Neu gebaut werden muss das Seniorenheim allerdings nicht, denn es steht bereits. Dabei handelt es sich um das Wohn- und Begegnungszentrum Zehnthof (WBZ) der Städtischen Seniorenheime Dortmund in Dortmund-Körne. Die Einrichtung bietet aktuell 130 Menschen ein Zuhause.

Seniorenheim bekommt Siegel verliehen

Das Seniorenheim bekommt nun das Qualitätssiegel „Lebensort Vielfalt“ der
Schwulenberatung Berlin verliehen.

Das Siegel erhalten Einrichtungen, die besonders gute Voraussetzungen für sexuelle und geschlechtliche Minderheiten schaffen – etwa in personeller Hinsicht oder wenn sie sich nachweislich bemühen, die sexuelle und geschlechtliche Vielfalt ihrer Bewohner als wesentlichen Aspekt ihrer Persönlichkeit zu berücksichtigen.

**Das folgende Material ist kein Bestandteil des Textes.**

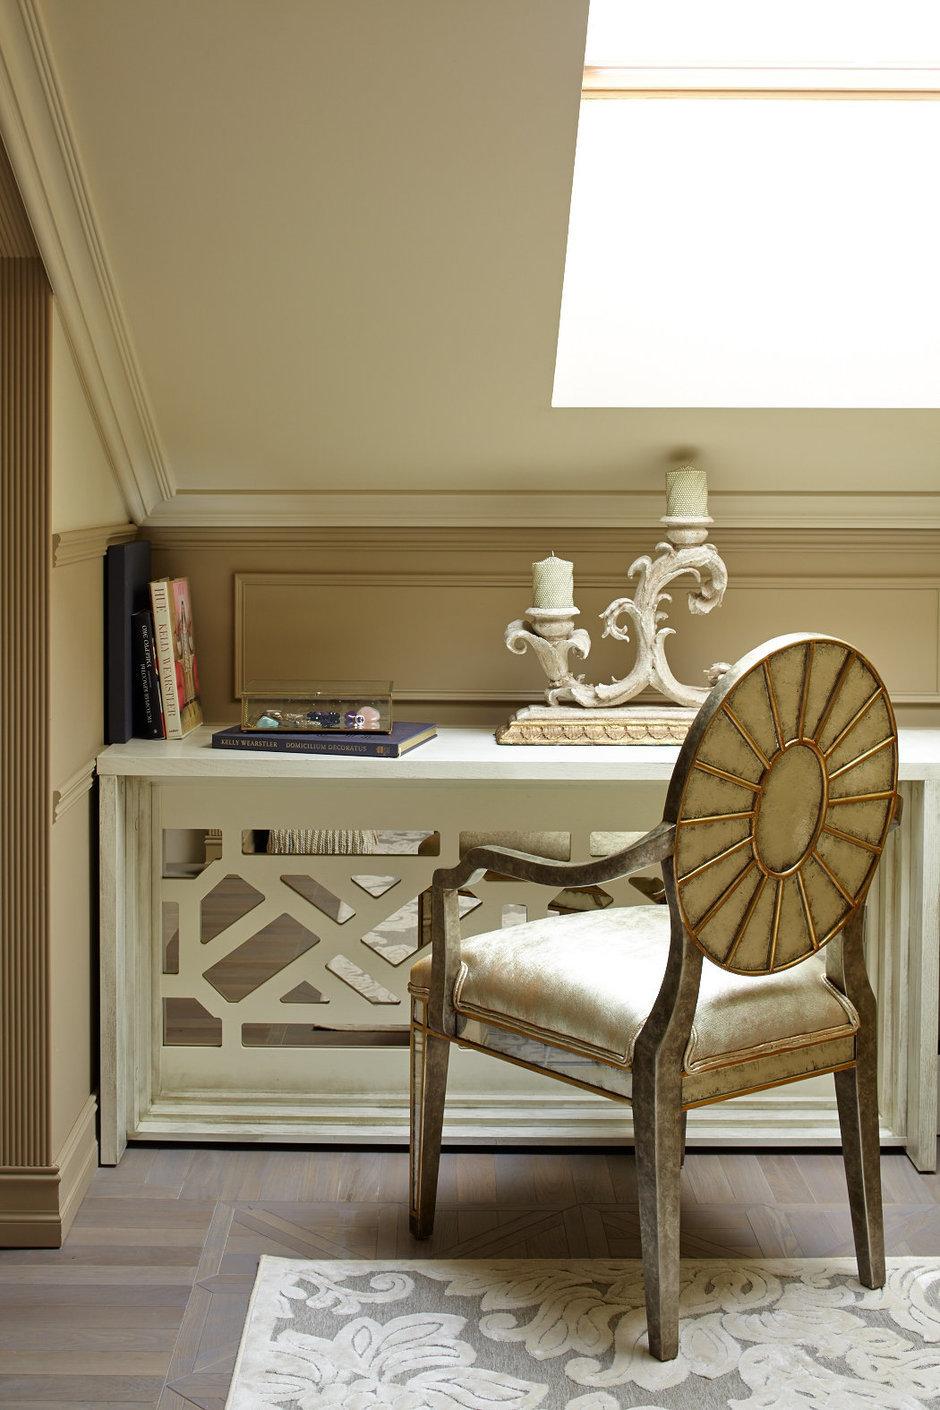 Фотография: Офис в стиле , Классический, Эклектика, Квартира, Текстиль, Дома и квартиры – фото на InMyRoom.ru

Sexuelle Minderheiten älteren Semesters auch in Dortmund

Bedarf dafür gibt es. Denn Experten wie der Soziologe Ralf Lottmann gehen bundesweit von einer knappen halben Million LGBTI-Personen aus, die 65 Jahre und älter sind. Nach dieser Schätzung dürfte es auch in Dortmund Menschen dieser sexuellen Orientierung geben. LGBTI ist dabei die Abkürzung für die englischen Wörter Lesbian, Gay, Bisexual, Transgender und Intersexual.

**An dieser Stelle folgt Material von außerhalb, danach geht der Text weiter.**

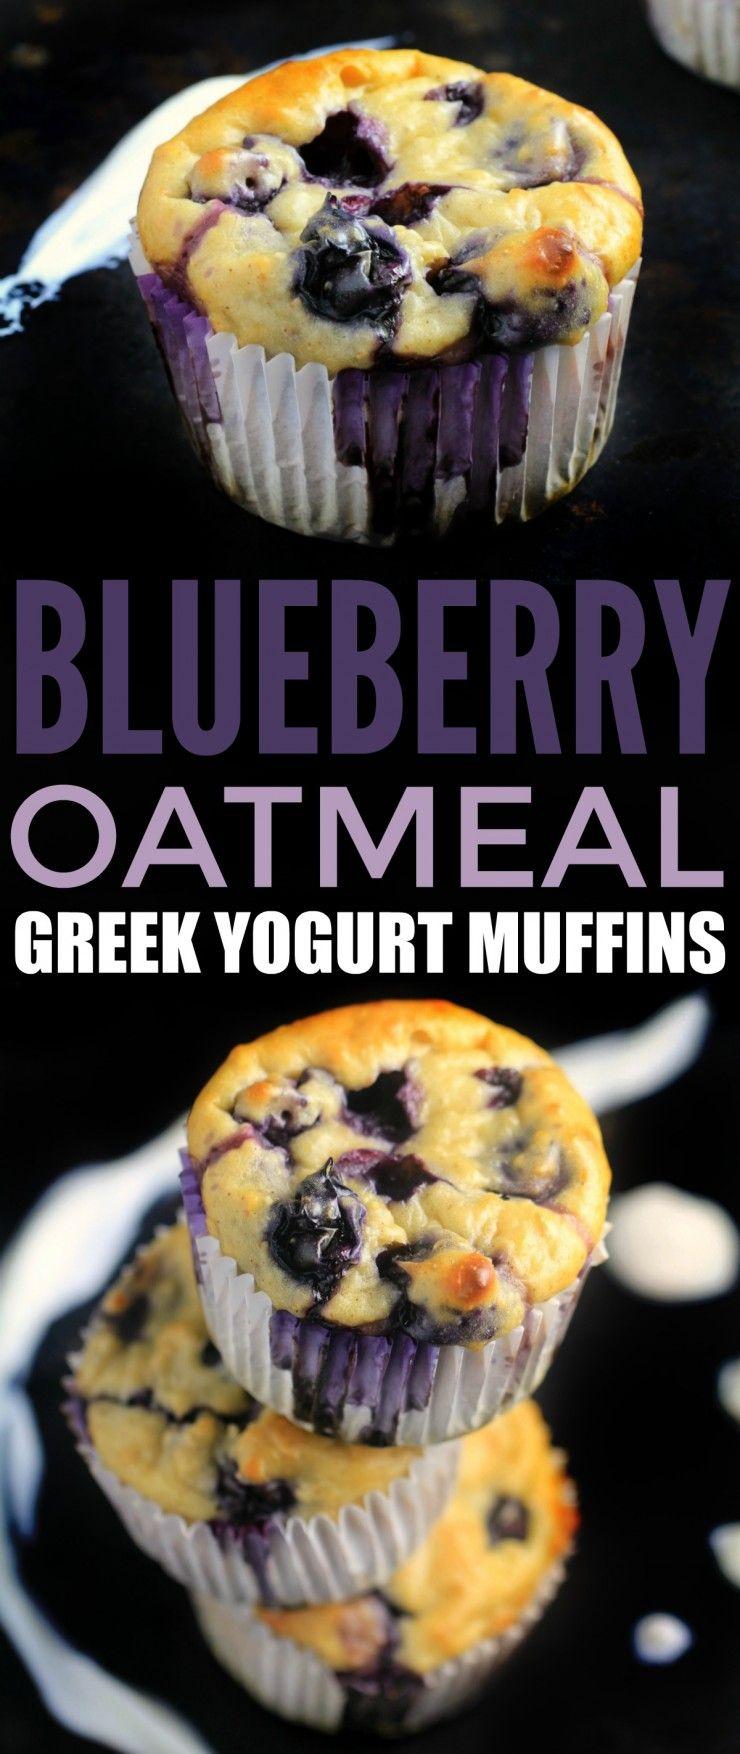 Blueberry Oatmeal Greek Yogurt Muffins Recipe Greek Yogurt

„Wir möchten unseren Bewohnern und Mitarbeitern ein selbstbestimmtes Leben ermöglichen“, wird Heimleiterin Manuela Balkenohl im „Mannschaft Magazin“ zitiert. Die Auseinandersetzung mit dem Thema LGBTI bringe einen Entwicklungsschub in den Bereichen Haltung, Fachwissen, Zusammengehörigkeit und Selbstverwirklichung.

Das Seniorenheim habe dem Bericht zufolge laut eigenen Aussagen „die Initiative ergriffen, um auch diesen Menschen ein sicheres Zuhause und eine gute teilhabeorientierte Pflege zu bieten“.

Neben Dortmund bewerben sich auch Seniorenheime aus Baden-Württemberg und Schleswig-Holstein für das Siegel. Es bleibt abzuwarten, wer am Ende damit ausgezeichnet wird.